What you should do:
Without the pictures, repeat the listing character for character.

Supplied material:
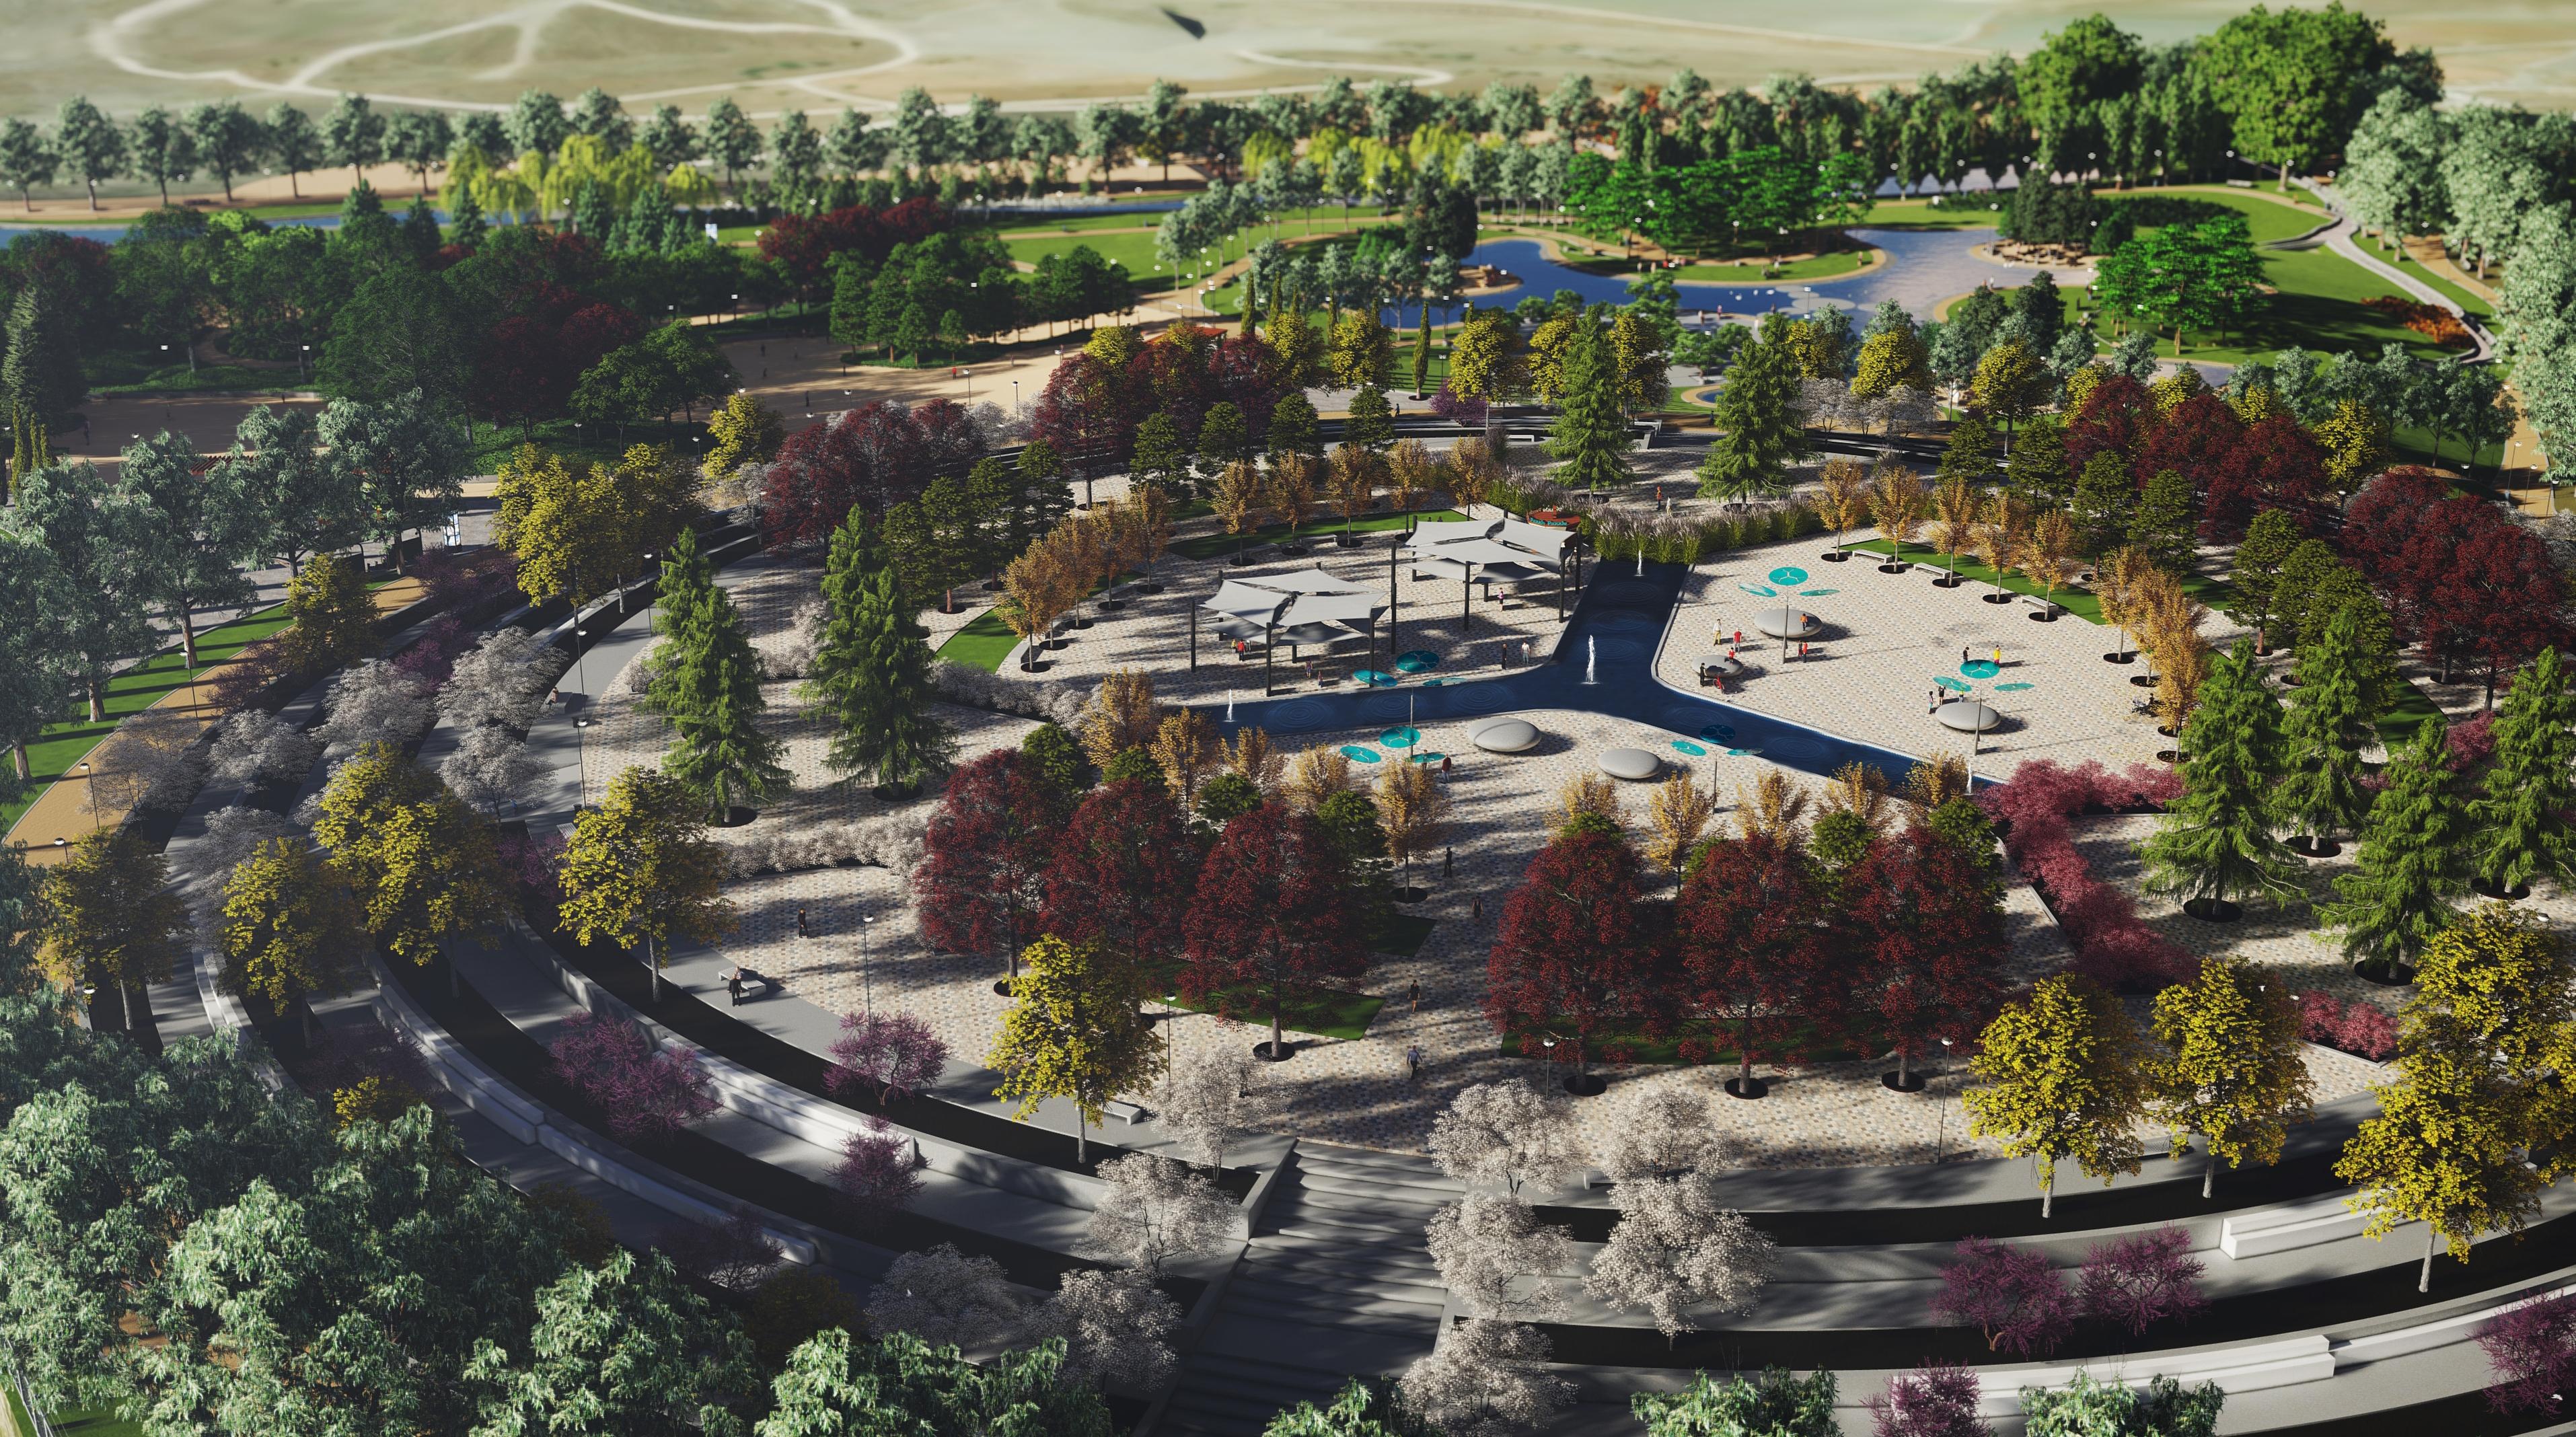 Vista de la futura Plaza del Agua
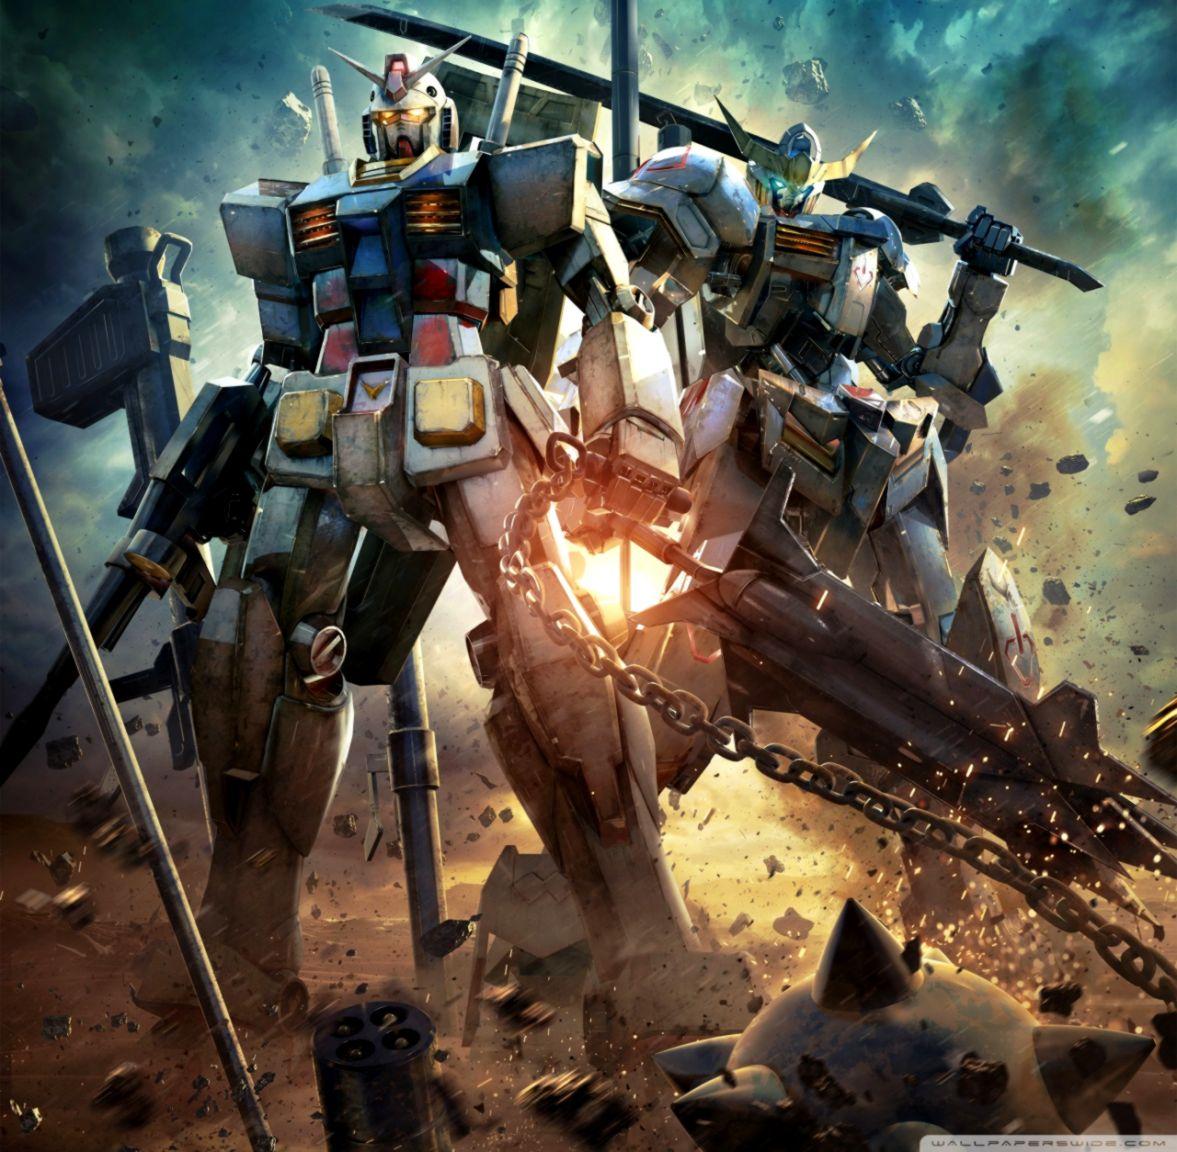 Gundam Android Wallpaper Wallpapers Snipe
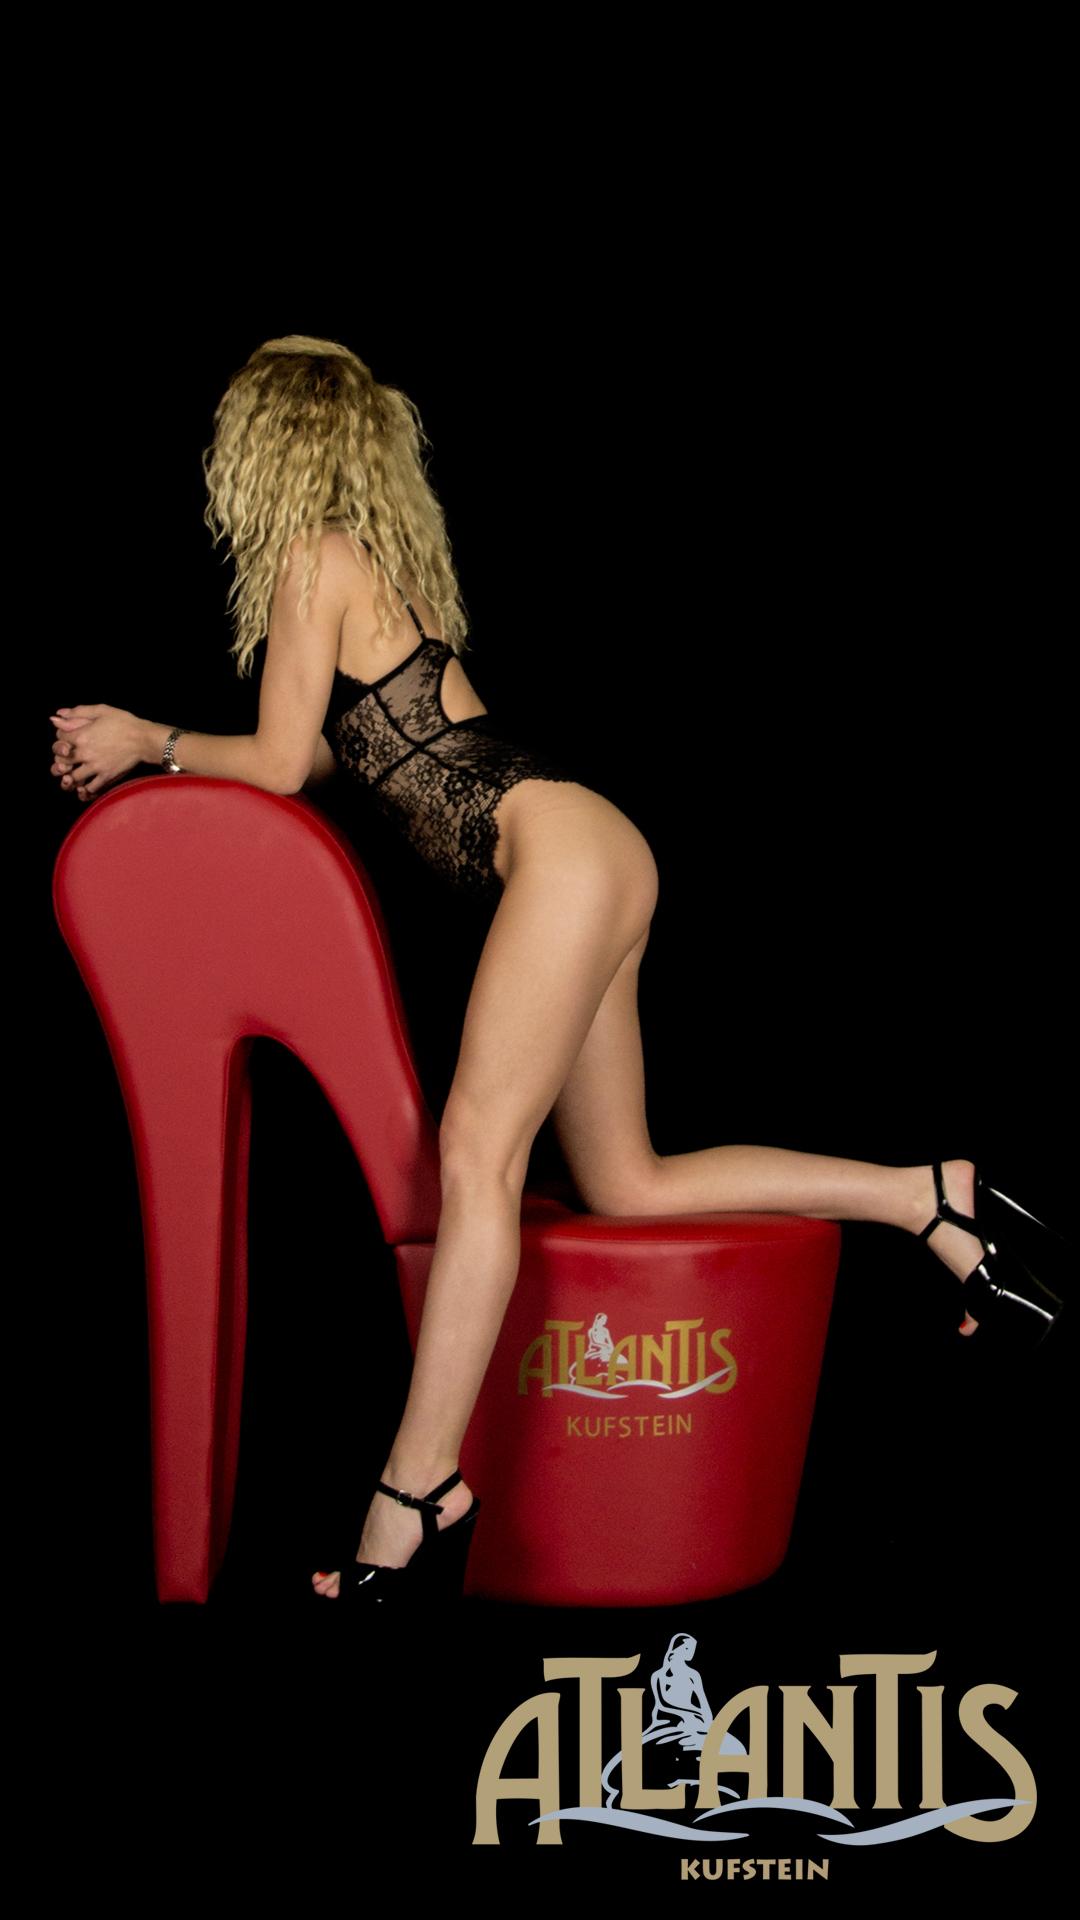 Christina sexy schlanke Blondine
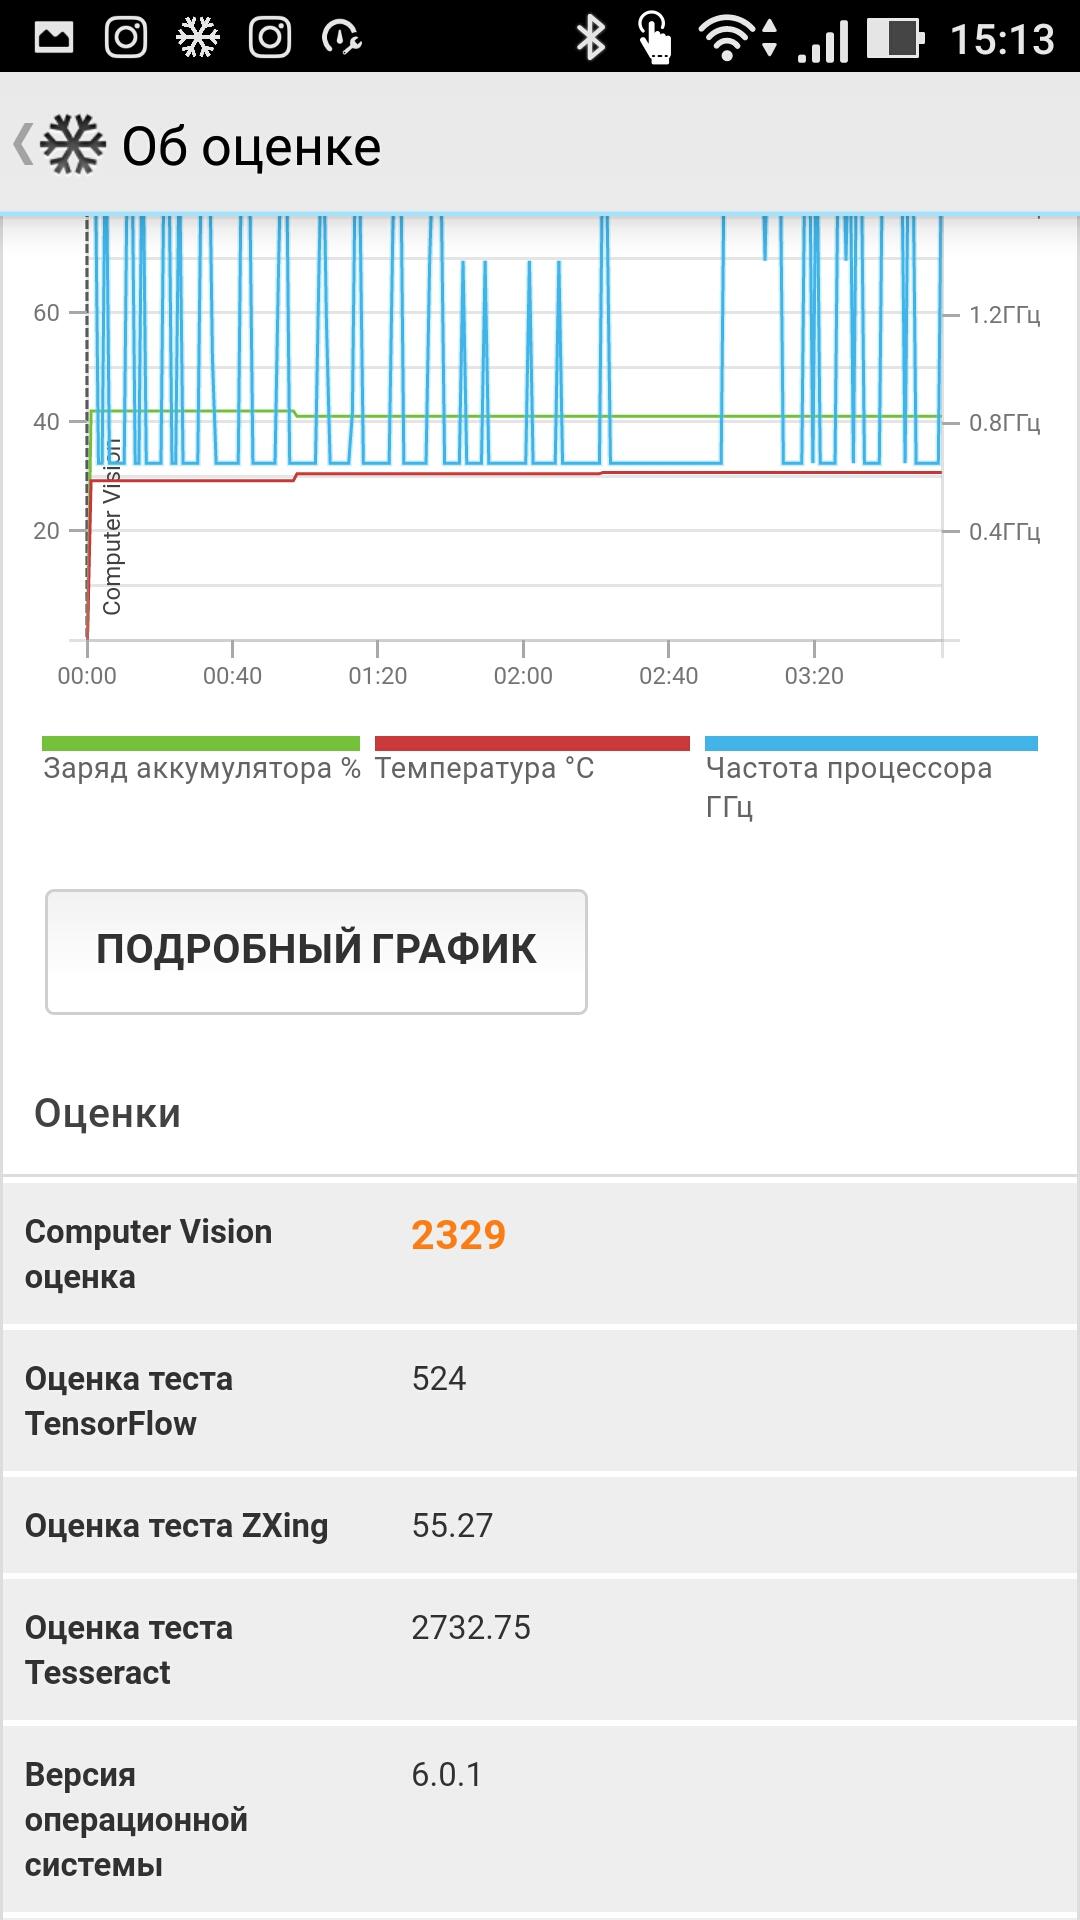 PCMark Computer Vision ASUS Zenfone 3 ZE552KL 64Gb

The answer:
 Vista de la futura Plaza del Agua
 Gundam Android Wallpaper Wallpapers Snipe
 Christina sexy schlanke Blondine
 PCMark Computer Vision ASUS Zenfone 3 ZE552KL 64Gb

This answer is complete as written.